The Book of Stars is a powerful tale of love between two sisters and the problems that each must overcome. They are both, perhaps, short on time, but for entirely different reasons. One treads water in a sea of dreadful illness, the other in a sea of decadence she has long since swum into.

Penny and Mary are sisters living together in a tenement apartment in a seedy section of an unnamed city. There is a sizable age difference between the two, yet they remain very close, perhaps because of the hurdles they have jumped together (the tragic death of their parents years before, et. al.). The younger of the two, Mary (Malone), is rapidly approaching her sixteenth birthday, and it may be her last. She has cystic fibrosis, and the deterioration of her lungs is rapidly worsening. Forced to spend most of her time indoors, she has tracked her life and dreams and hopes in an extremely artistic scrapbook which she calls her "Book of Stars and Lovely Things." In it, she fashions herself an astronaut, cut adrift in space and slowly and helplessly drifting towards the sun and her eventual doom.

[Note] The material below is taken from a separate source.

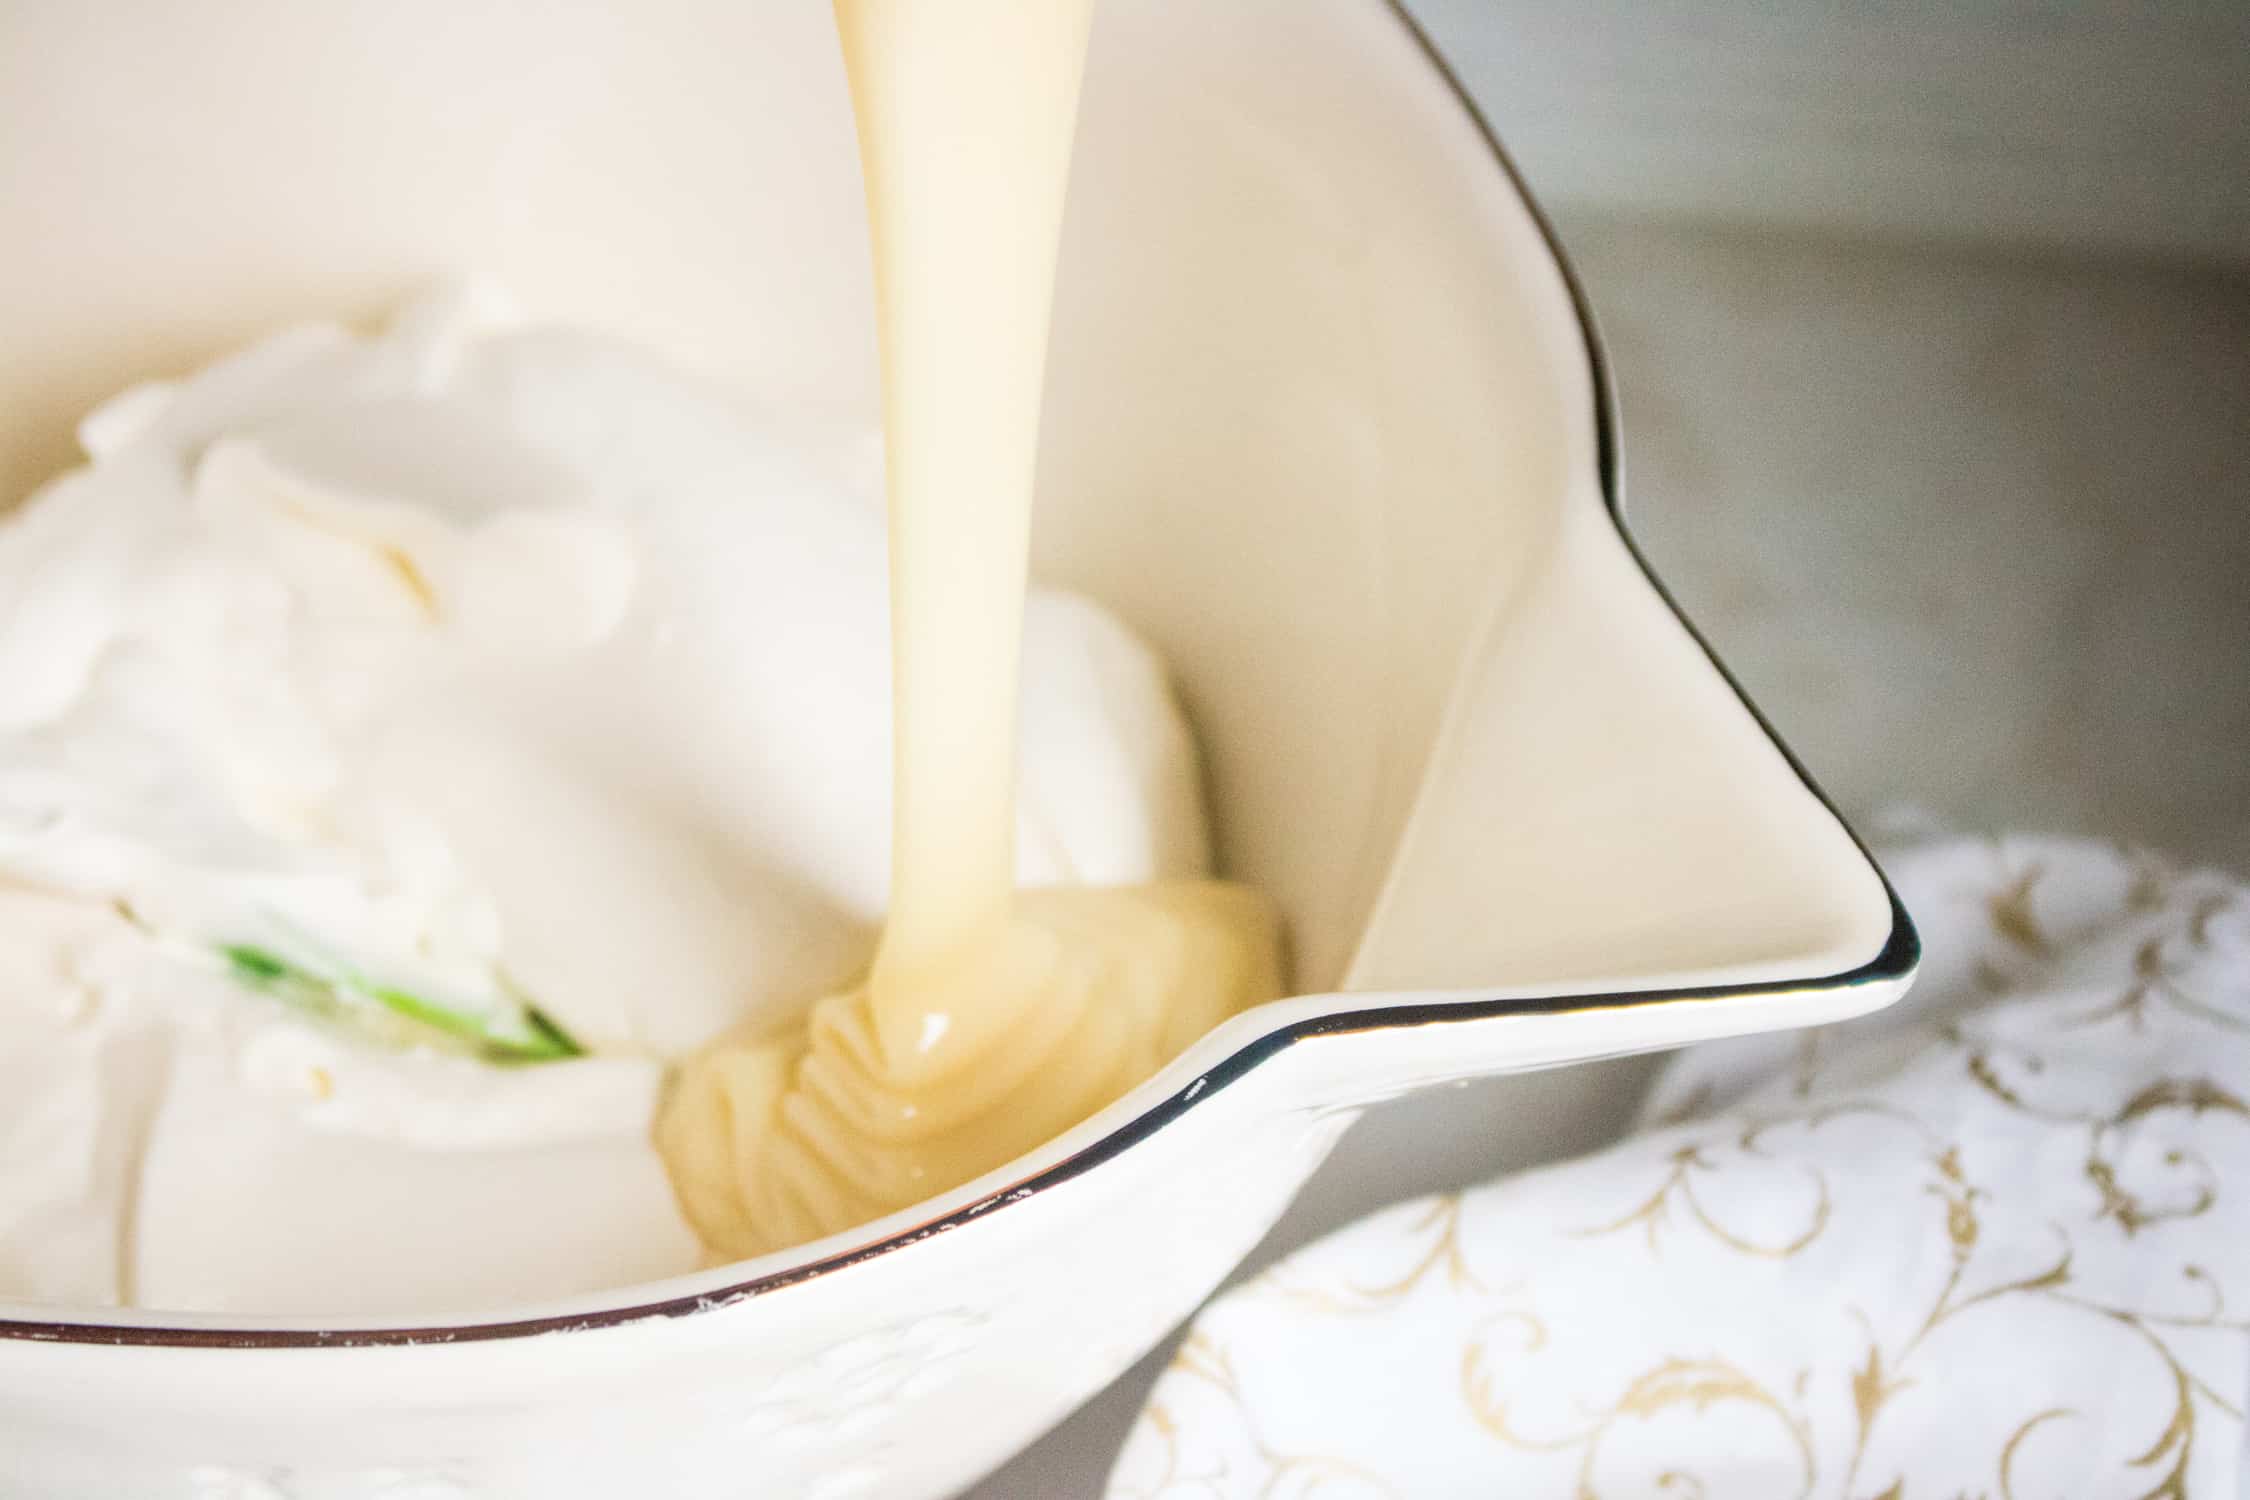 sweetened condensed milk being poured into a bowl of thick heavy whipping cream

Her older sister, Penny, was once artistic herself, having written and published a book of poetry. Perhaps the cold realities of life and having to provide for both herself and her sister have overwhelmed her as she has resorted to a life of prostitution and, unfortunately, drug addiction. Penny has a symbolic self-representation as well. She fashions herself a star that has long burned out but which other people can still see because the light takes so long to travel from there to here. We get to know the sisters by the way they interact with each other and with the people they know. There is "The Professor" (Lindo), a crotchety welfare recipient who lives in his library like a palace and takes care of Mary when Penny is too busy working the streets, or too strung out, to do it herself. There is the quiet young man who has moved in next door. He is from war-torn Eastern Europe and walks with a limp. Finally, there is the nameless prisoner who has read Penny's poetry and writes her admiring letters. She won't answer, or even read, the letters so Mary does it for her.

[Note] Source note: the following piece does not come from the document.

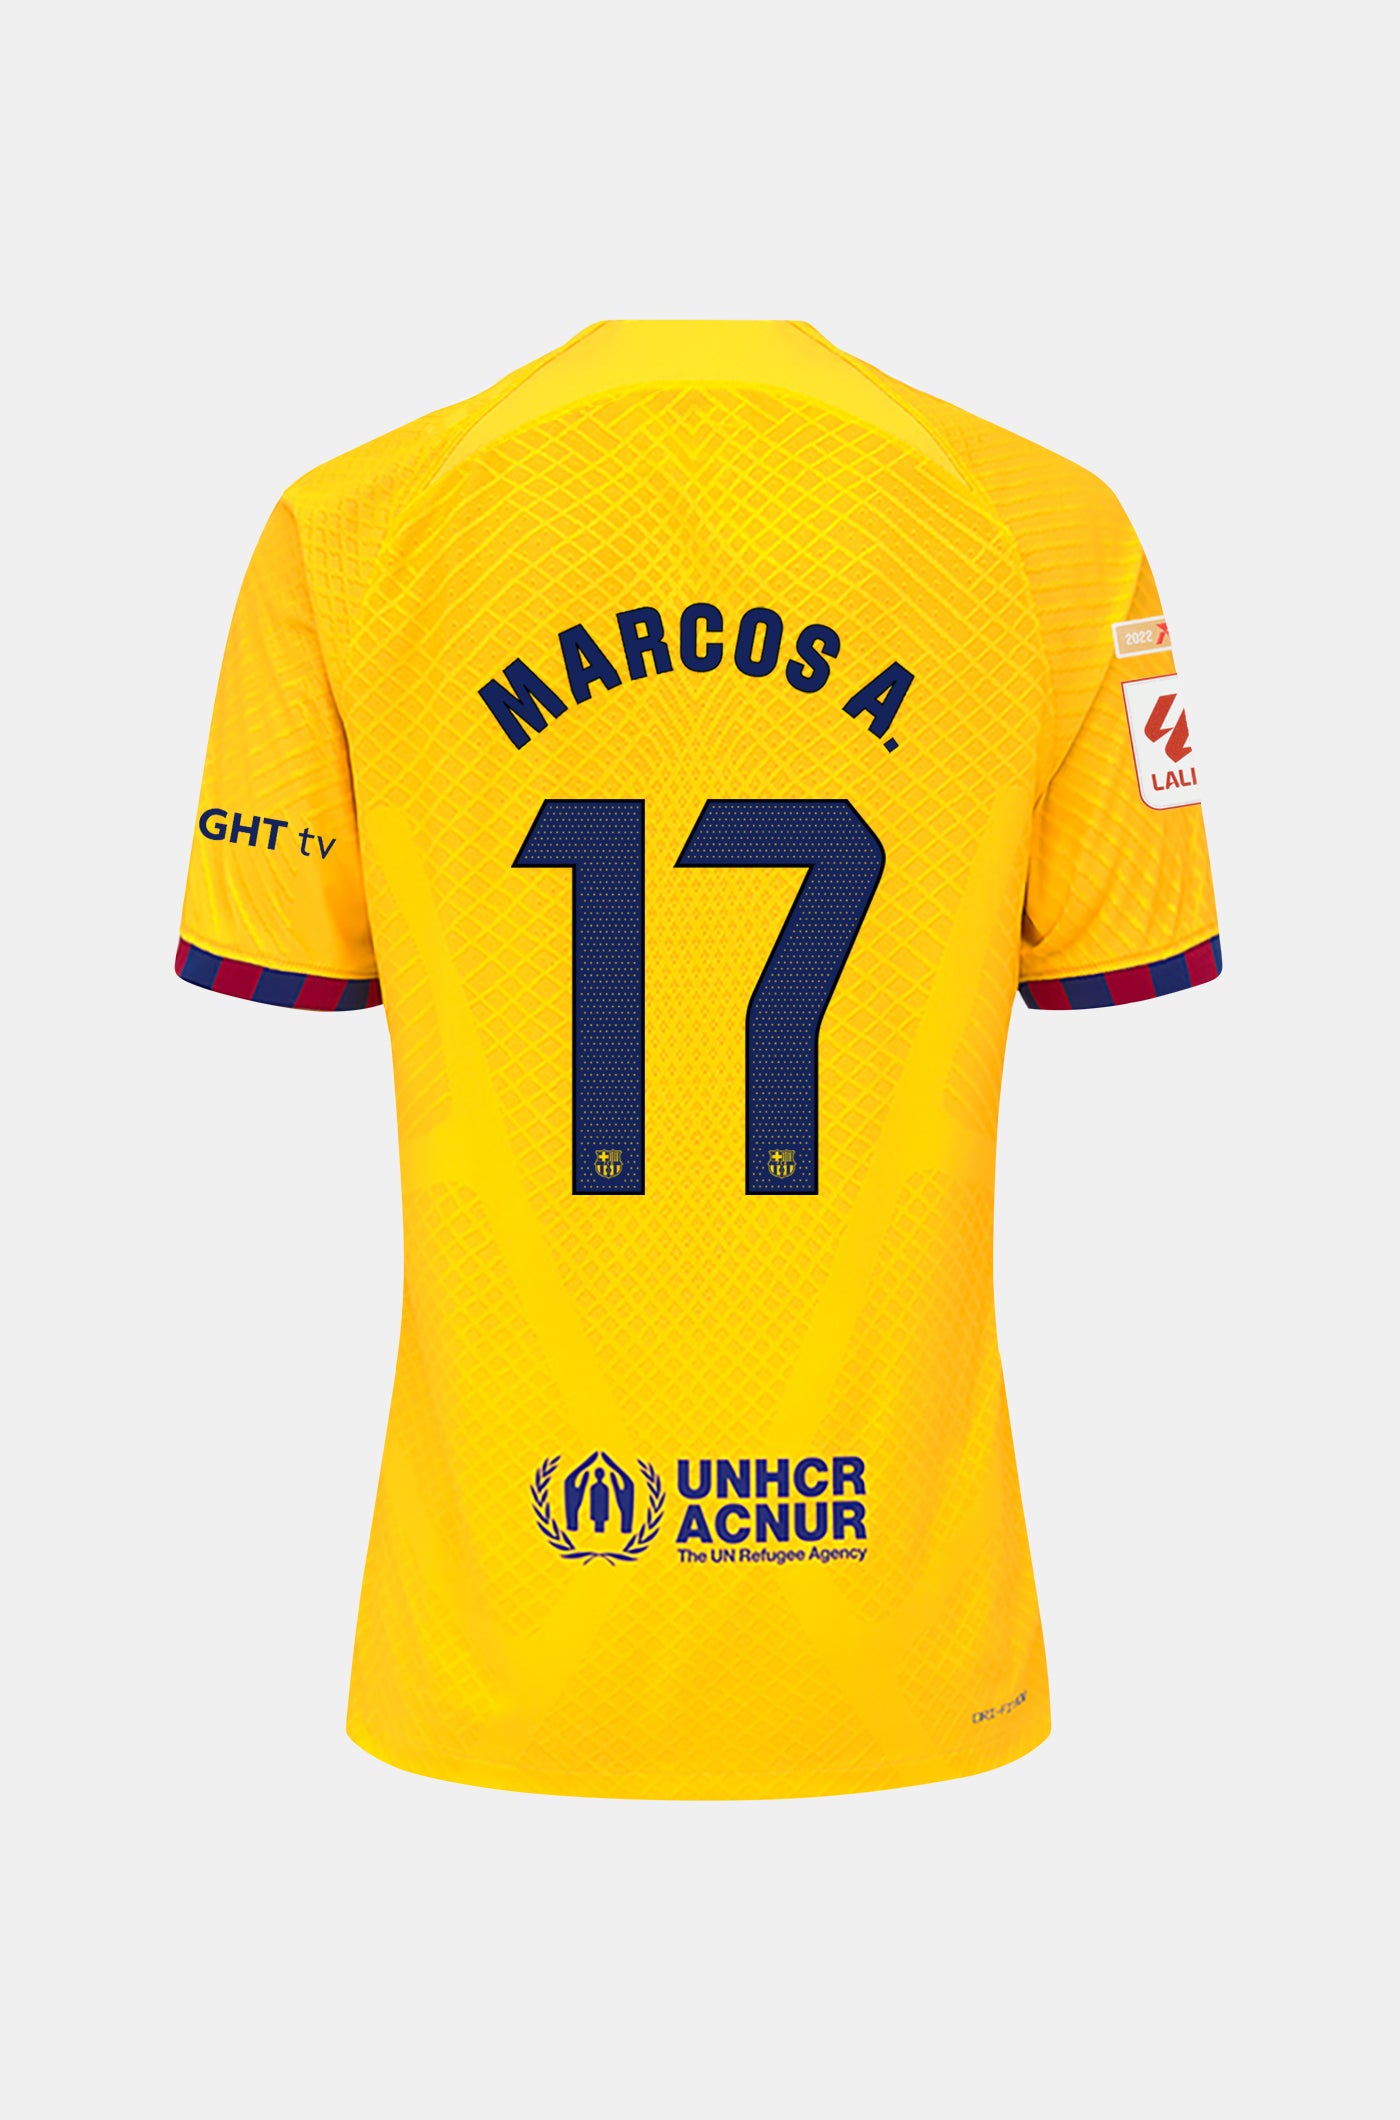 LFP FC Barcelona fourth shirt 23/24 Player’s Edition  - MARCOS A.

This is the first film that Miner has directed in ten years, the last being the 1989 B-action flick Deadly Weapon. I don't know where he has been the last ten years, perhaps learning how to direct? If so, he has learned well. His visual style and adept use of camera angles and color breathes wondrous life into a compelling screenplay from Tasca Shadix. The pages of Mary's book become part of the story in a way that reminded me somewhat of 1988's Paperhouse. Miner's style threatens to become heavy handed in places but never really does. His efforts are bolstered greatly by a collection of terrific performances from the cast. Screen veterans Masterson and Lindo are both utterly convincing in their roles but the real gem here is 15-year old Jena Malone (Stepmom, Contact). The entire film depends on a strong performance from her and she pulls it off admirably. I expect more great things from her in the future.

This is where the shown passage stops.